# Correct number of #24 shielded connectors



## HMF (May 5, 2011)

Guys,

I want to connect 3 machines to 4 VFDs- a SB Heavy 10, a Burke #4 mill, and a 2 motor Van Norman #12. 

On the SB, I will use the oiginal 3 button switch with relays to work it. On the Burke, I will use the original drum switch on-off-reverse, on the Van Norman I will probably use buttons. 

I am buying a supply of 3 conductor, foil shielded, 24V, 3 conductor wire with drain.


Will this be sufficient for the hookups?

Thanks,


Nelson


----------



## Tony Wells (May 22, 2011)

Nelson,
 what model VFD's are you using? That's not an area I have tons of experience with, as we had just gotten into using them for pump control on our 60 and 100 hp pumps before the company flopped. I'll study up on it.

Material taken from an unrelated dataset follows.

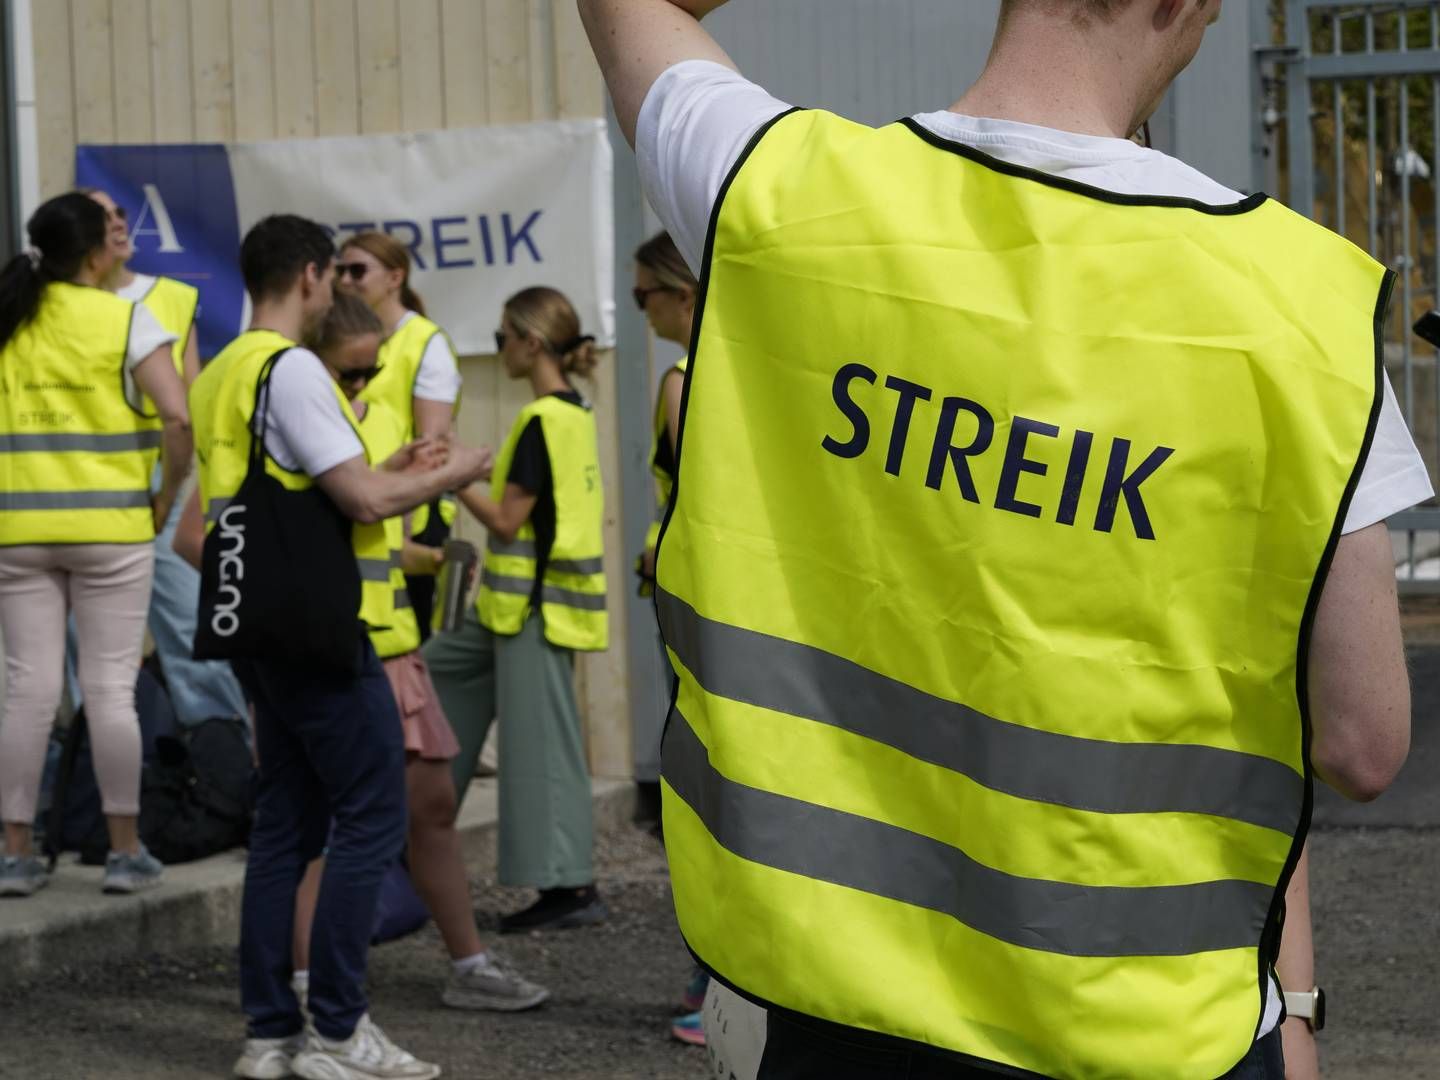 Vi forsøker å informere berørte interessenter om konsekvenser av streiken, skriver Mattilsynet i pressemeldingen sin. | Foto: Gorm Kallestad/NTB

Jim, I have no problems myself with foil shield, as long as I can use the drain wire for the connection. I use a lot of RG-6 quad shield, and there is both foil and braid on it, two of each. I use compression connectors on it, so there isn't any soldering to make the connections. Nor do I use the foil, but the braid is the active shield. I believe the foil simply augments the shielding.


----------



## Tony Wells (May 22, 2011)

Definitely agreed, Jim. Foil alone is nothing but a nuisance!


----------



## Tony Wells (May 23, 2011)

Ed, with 24g wire, he's bound to be talking about connecting the control circuit. Remoting in to the VFD? I'm not all that familiar with the smaller ones, as I said.


----------



## wawoodman (May 23, 2011)

I just finished hooking up the VFD on my mill, with great help from members of the forum. I bought a couple of RF-45 cords at the Depot, and snipped off the ends. 24 ga, 8 conductor twisted pair, stranded wire. No shielding, but it seems to work fine.


----------



## Tony Wells (May 23, 2011)

Yeah, Ed...he threw me with that too, but the thread title he's got #24, which I thought he meant as gage, and the 24V a typo?? Definitely not large enough to run a motor on a machine. 

woodman, that's commonly called UTP (Unshielded Twisted Pair) Cat 5, 5e, 6, and soon to be seen 7, all with increasing speed ratings. I keep some on hand, in part of my work. Also some STP, Shielded.


----------